At the moment, I'm iced up and doing some music therapy for the pain in my head. The pain's not pounding yet but it will be in a little while. That's what physical therapy on a neck can do!  Taking meds now and I'll be off for rocks shortly.  Chris told me to expect all this exacerbation of symptoms.

Many of my Meniere's buds and I have a thin strip of painful muscles down the sides of our necks on the side (or sides) in which we also have Meniere's. My right ear is currently diagnosed with Meniere's. The painful strip running down the right side of my neck has made me weep from the relentless intensity. Neither ice nor heat relieve the pain nor even mitigate it. With the Migraine preventative medication regimen I'm on, nearly all pain in my entire body responds to either Advil, Aleve, or if it's Migraine, to Indocin (occasionally I'll need my really big pain guns but not often).  They'll relieve the thin strip of pain but not the tenderness when I touch it.

Today, physical therapist Chris got to work on my neck.  He worked and worked and suddenly SHAZAAM.  He touched that painful strip (which had not been actively hurting and isn't hurting now) and I nearly came off the table from the hurt.  I felt it inside my right Meniere's ear HARD.

[As an aside, I felt bad for the other people in the clinic who heard my *ack*.  Hope they didn't wonder if Chris was throttling me or something.  XD]

He told me he had touched a group of 3 muscles called the scalenes.  Scalene muscles are innervated by one or more of the very vertebrae in my neck that I know are in trouble:  C-2 through C-7.  Chris told me that if we had time he'd get the anatomy book out and we'd look at it but dang, he spent two hours on my backbone as it was and I was a steak tender at the end.  I told him I'd look it up on the internet.

Scalene muscles seem to be associated with a repetitive injury called thoracic outlet syndrome (TOS).  TOS causes, among other things, numbness across the tops of your arms down to the ends of certain fingers.  That's a sensation I have during some migraine attacks, usually during prodrome.  Won't matter if I have TOS if they can just fix it.  Not looking for yet another diagnosis.  All I want is to get well.

Anyway, Chris worked like a field medic:  he noted how bad he was hurting me but it didn't stop him.  He got all up and under my C-1, also called the Atlas bone, but otherwise didn't do much near my vertebrae at all.  He concentrated on neck muscles.

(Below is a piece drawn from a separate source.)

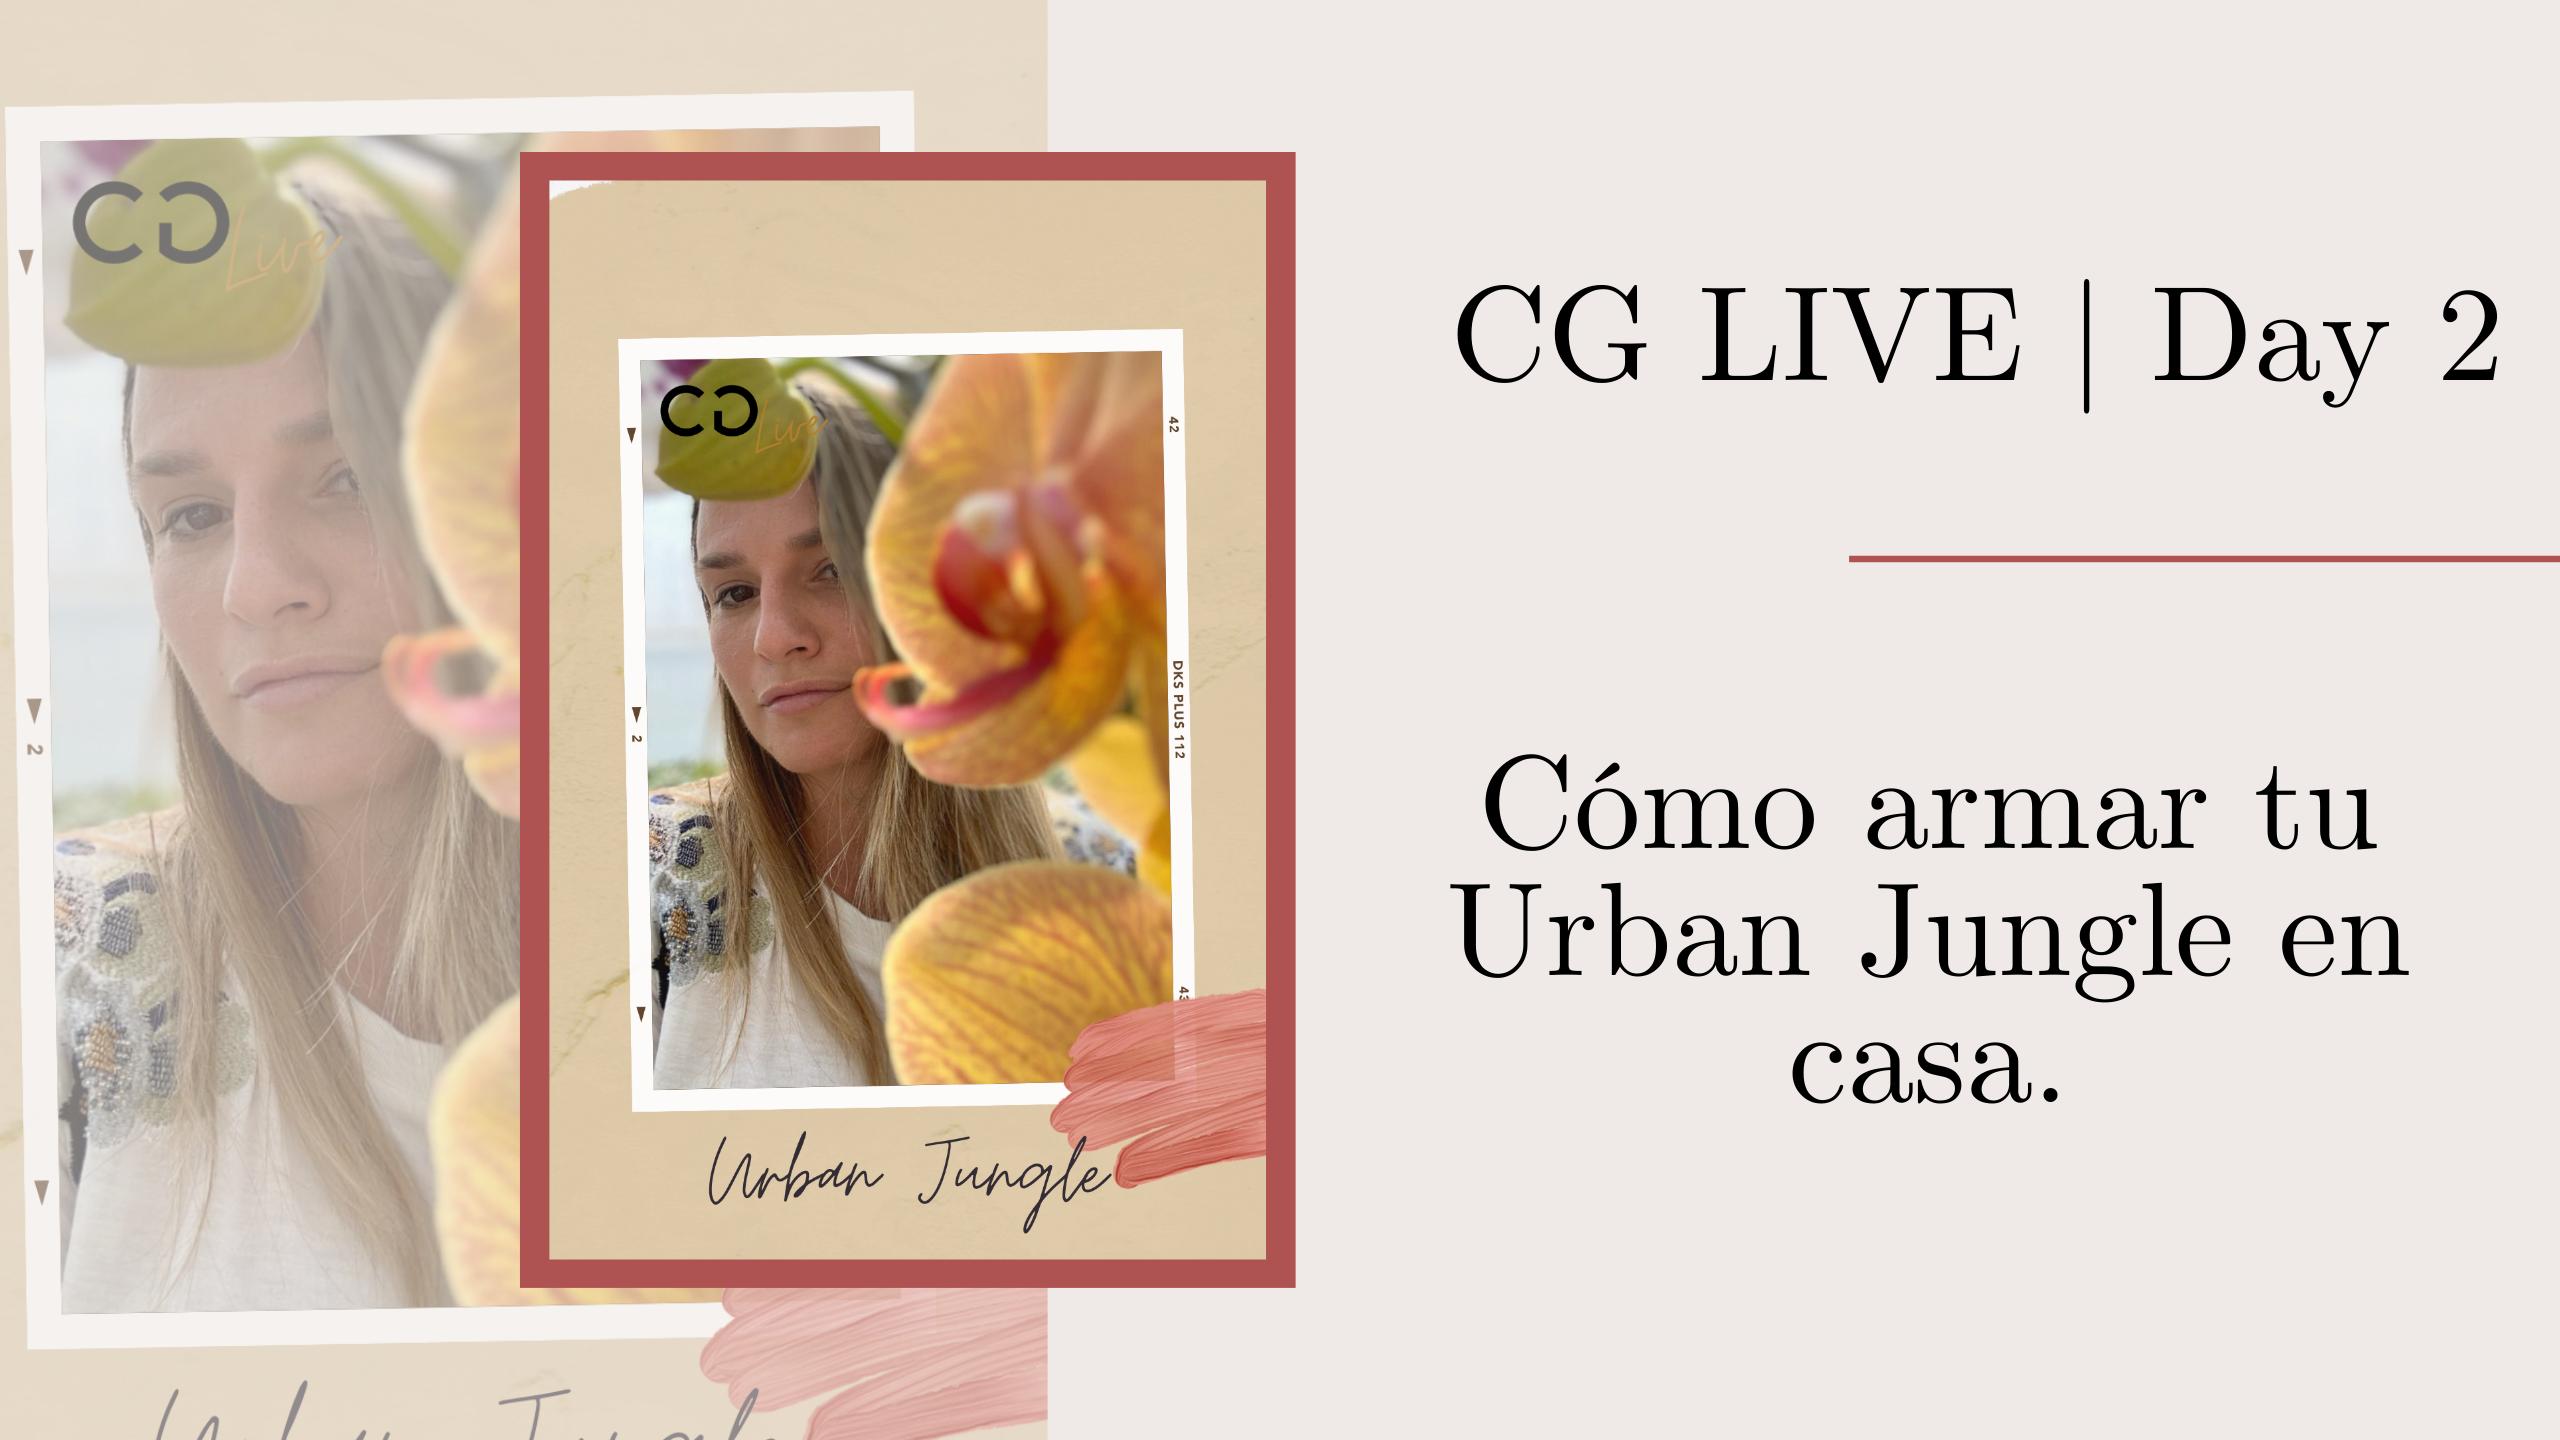 CG Live | Day 2: Armá tu Urban Jungle en casa

Last thing he did on my neck was something he called "manual traction".  MY WORD I'd hire that man to do that to me every day.  I told him I felt an inch taller but he said he hoped he'd not stretched me but half that.  XD

We took a break and he showed me how to use my TENS unit.  E-stim which clinics use for pain relief is very good for me so I'm pumped about trying this for pain.  Chris gave me free reign to use it wherever I needed it.  COOL BEANIES.

[Another aside:  TENS units are not designed for the electrodes to be used directly on the head.  There is a company that makes an over-the-counter mini-TENS for headache but otherwise, don't anybody use TENS electrodes directly on your head unless your doc or PT tells you to and even then, have them explain why your prescription durable medical equipment TENS unit is safe enough for your head, why not?]

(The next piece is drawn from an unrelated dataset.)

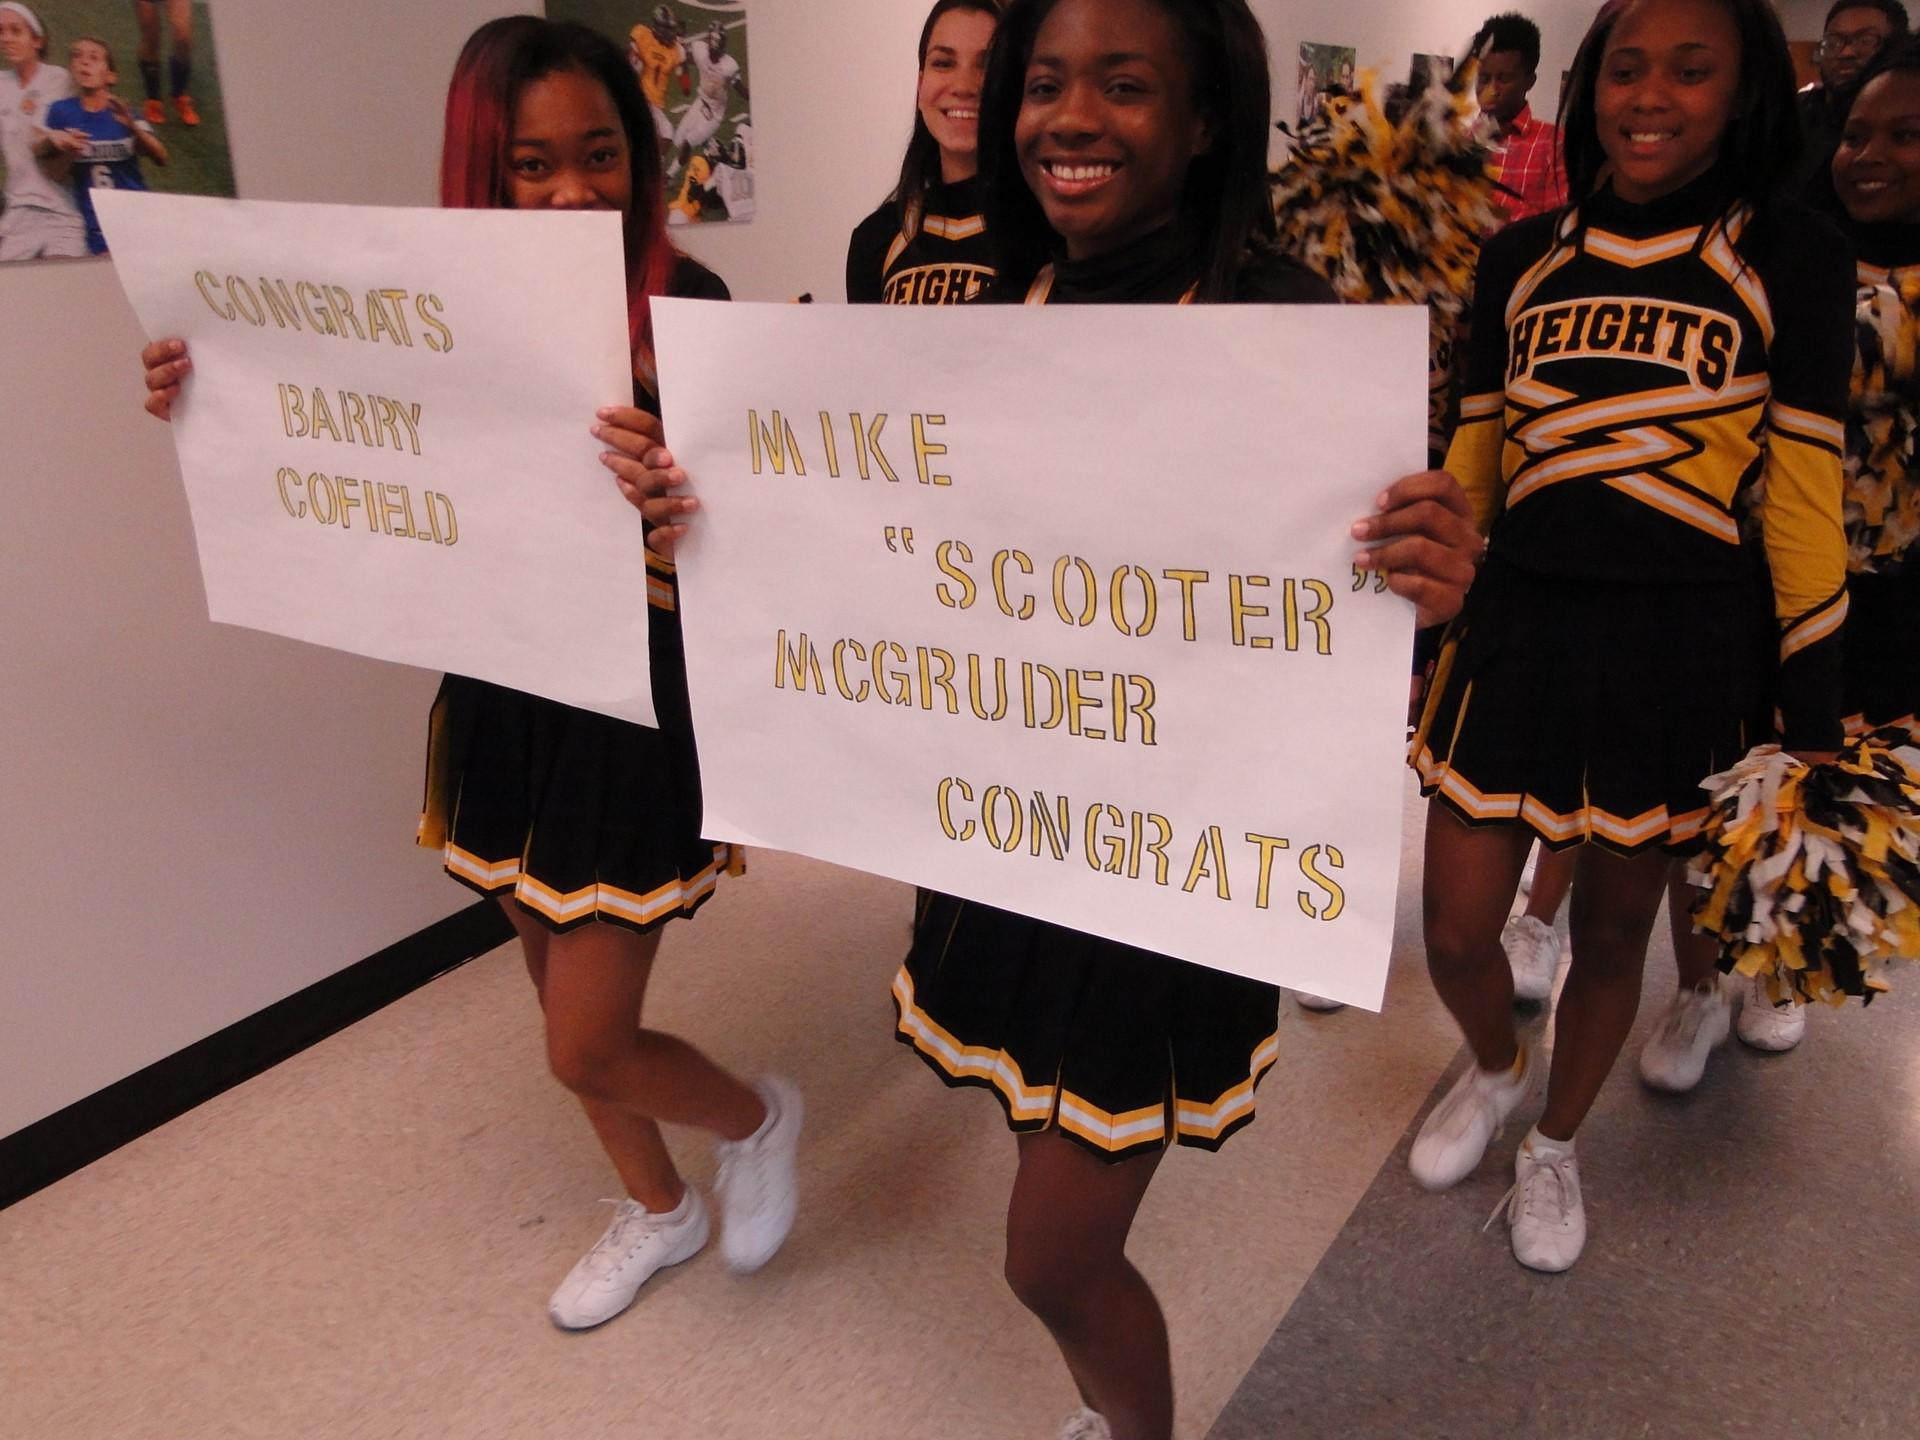 Cheerleaders lead the parade

I have enough pain in other places that I could burn up the batteries in short order, I imagine.  And, after trying a nice little TENS secret that the owner of the clinic uses for vestibular problems, we discovered last week that it temporarily stopped the migraine pain that last week's work triggered.  I'm telling you, Dr. Breathtakingly Arrogant is onto something.  He spotted my Meniere's (which is a cochlear condition sometimes called cochlear hydrops) and told me that many of his tough cases have cochlear issues as well as migraine.

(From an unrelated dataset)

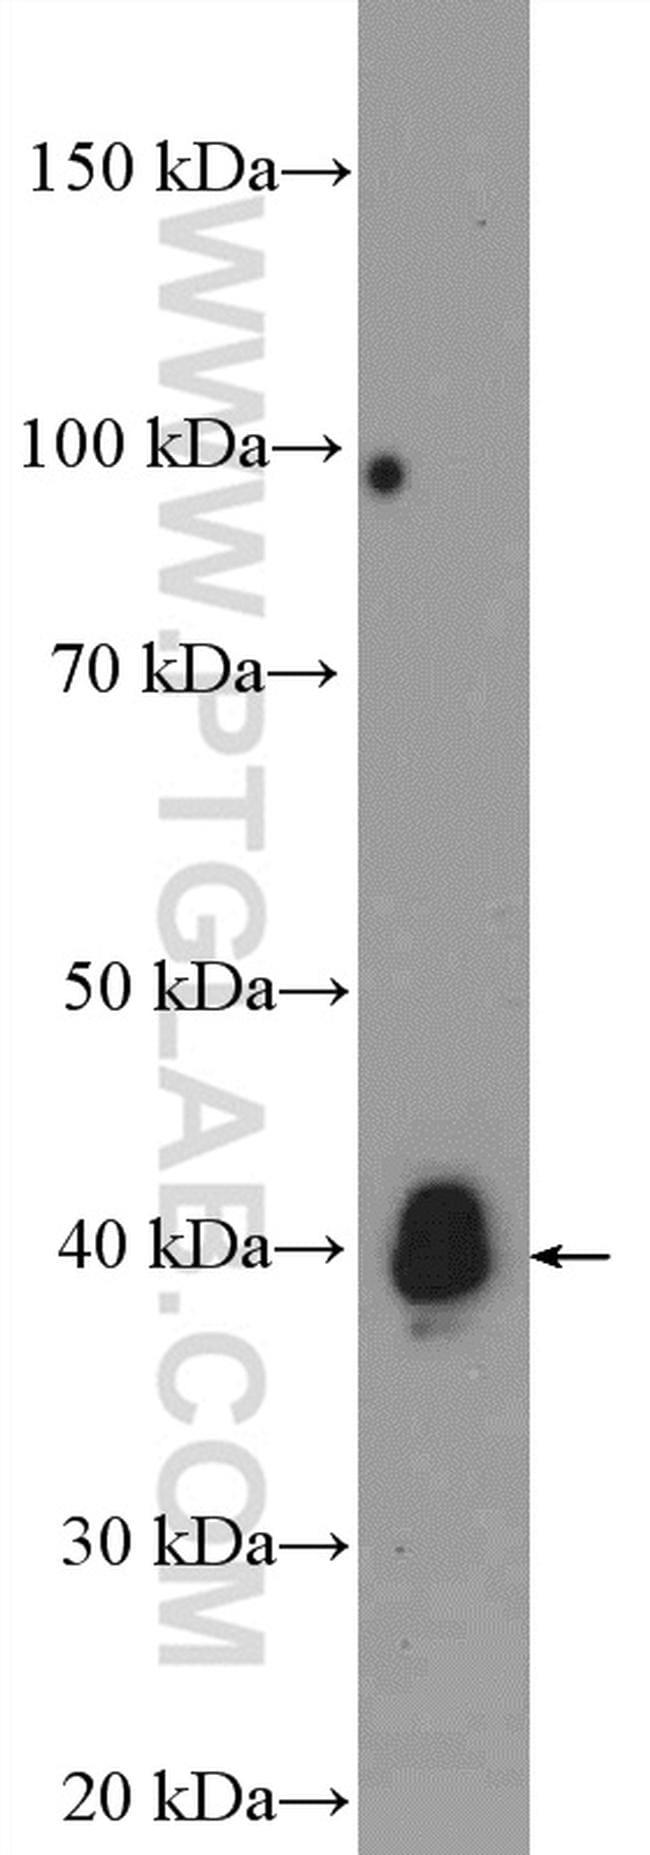 HNRNPD Antibody in Western Blot (WB)

I had a rare opportunity, during my first visit to clinic, to be evaluated by a physical therapy doctoral student.  She was utterly amazing.  Never have I had a more thorough spinal and balance evaluation, ever.  She was about to recommend a...walker...but said that if I was doing ok and not falling with my cane, it would do.  Elder Assistant Offspring told me that if it ever did come down to a walker, she and my other daughter would pimp it out for me.  My only request was for headlights.  LOLOL

Anyway, that's a status report on the state of my head.  I've decided to name my TENS unit "Scalene".   After while Scalene and I gonna hook up and go cruisin'.  :)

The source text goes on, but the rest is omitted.